I had a rough weekend.

Before anything rough happened, I didn't think I knew anything about other people. What makes 'em tick. Why they think merging onto the freeway should always take place at the lowest speed a car can travel before it starts moving backward.

Stuff like that.

After everything rough happened, the belief that I didn't know anything about other people turned into a fact, and my trust in the reliability of other people was taken down a few notches. I'm avoiding the hell out of other humans right now. It's peaceful, but inconvenient. I went to get a latte at Starbucks, and I felt like I was at a stalemate with the barista. I wanted something from her, and she wanted me to talk so she could take my order.

Impasse.

When I got home, I decided to watch Breakfast at Tiffany's. Audrey Hepburn was one of the gracefulest things ever made. In the opening shot, she's wearing a long, narrow dress, and she manages to walk evenly even while eating a pastry and drinking coffee. It might not seem like much, but I'm sure there are some ladies out there who'd be happy to tell the opposite sex just how difficult it can be to get dressed up and spend the night out.

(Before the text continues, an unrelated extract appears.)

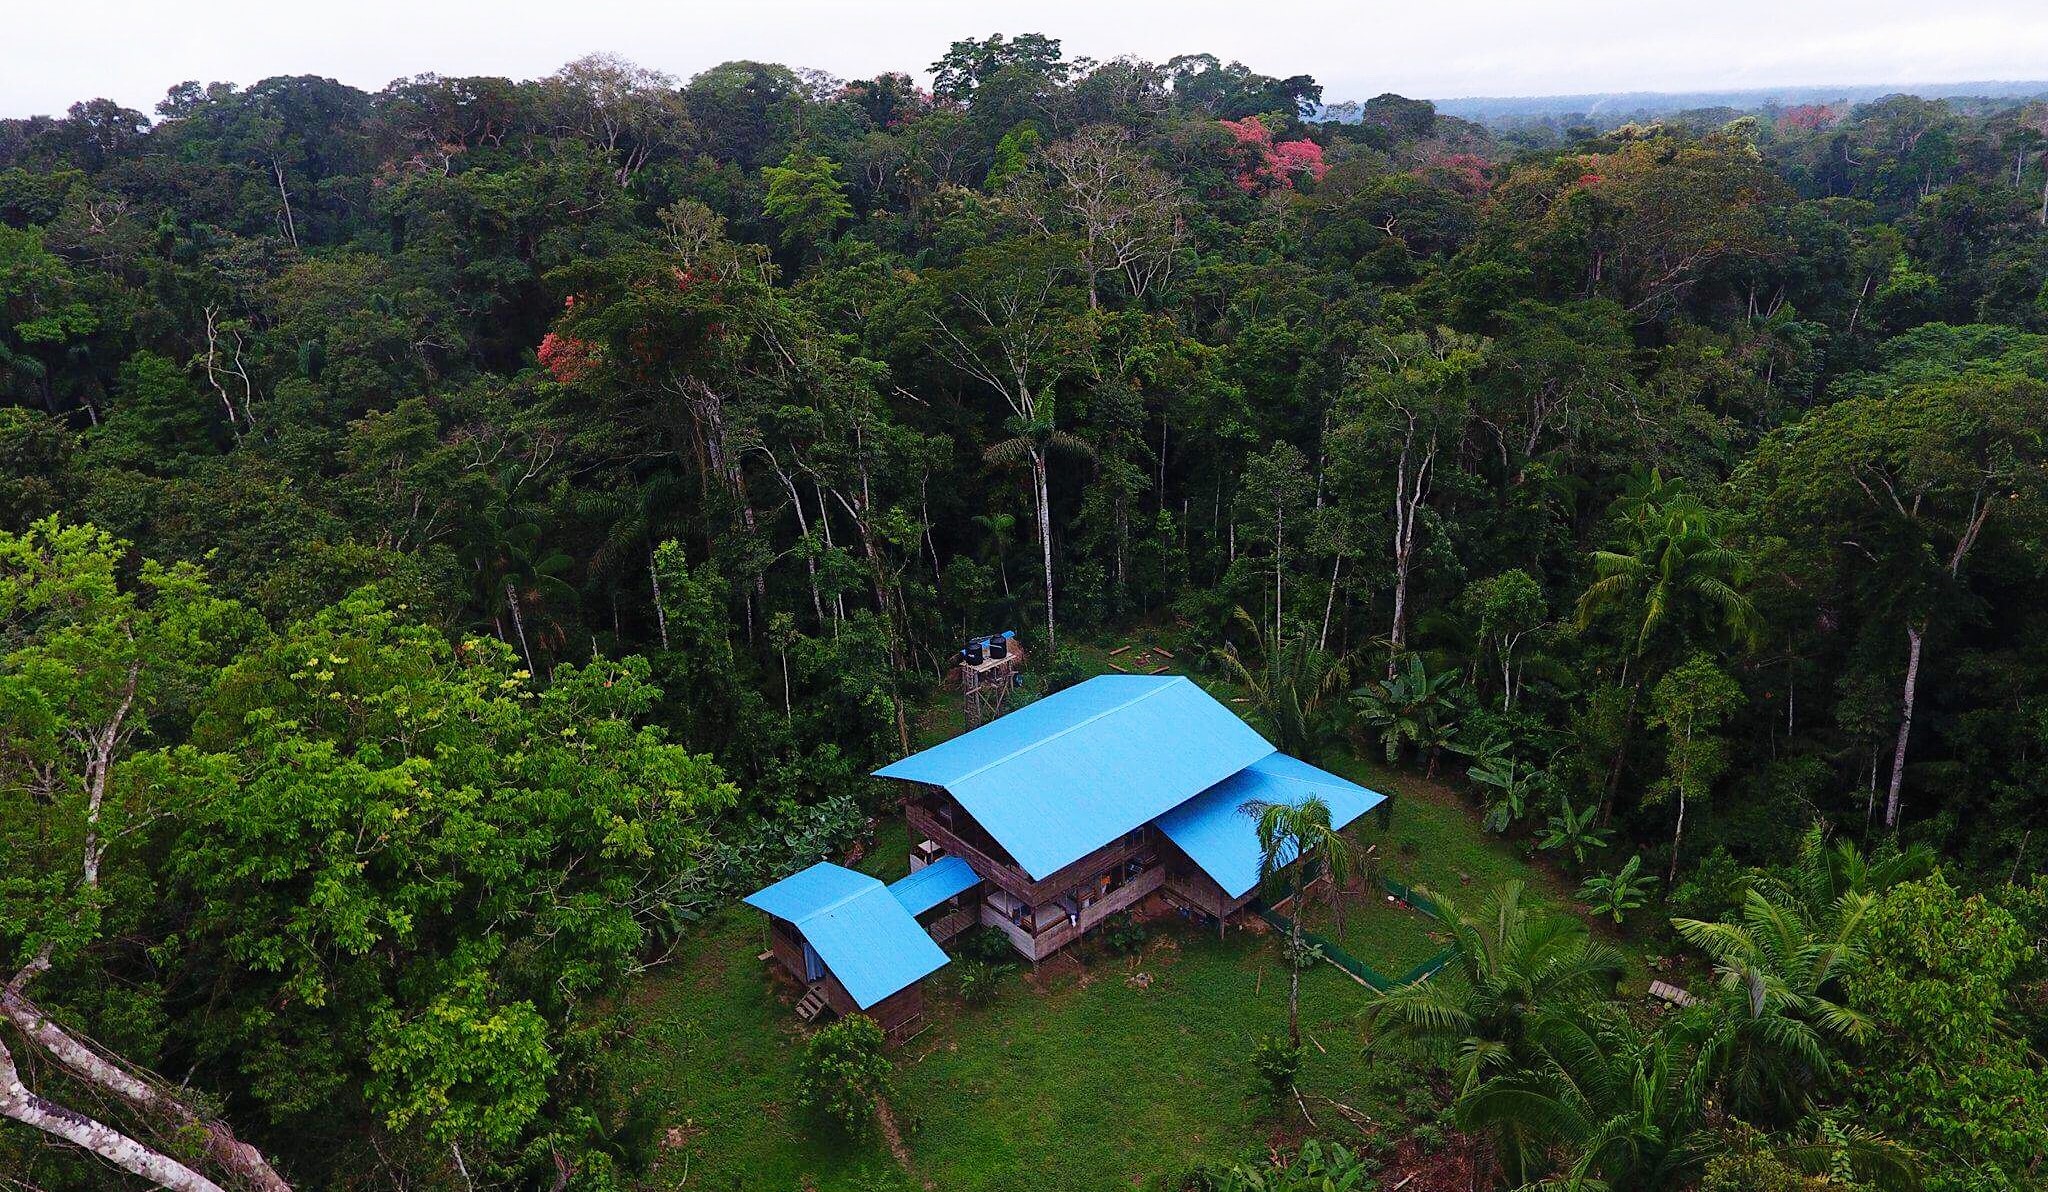 The Hoja Nueva center in the Peruvian Amazon

But I wasn't watching because I dig Audrey's ability to remain upright in a difficult outfit. I was watching because I love her character. Holly Golightly might be the most emotionally unreliable character ever to walk out of an author's twisted headspace. Everything about her is a warning not to get attached. Her apartment is decorated with crates for furniture, part of a bathtub for a sofa, empty bookshelves, and a cat with no name. It wouldn't be hard to dump all of that should the fancy to perform the moving equivalent of eloping strike Ms. Golightly.

As her agent says at a party, "She's a phony, but she's a real phony."

I think "a real phony" is a much more comforting sort of person than someone who gains your trust and then, when life seems nice and quiet and good and nice, totally betrays that trust.

With "a real phony," there's never any question that the person is going to let you down.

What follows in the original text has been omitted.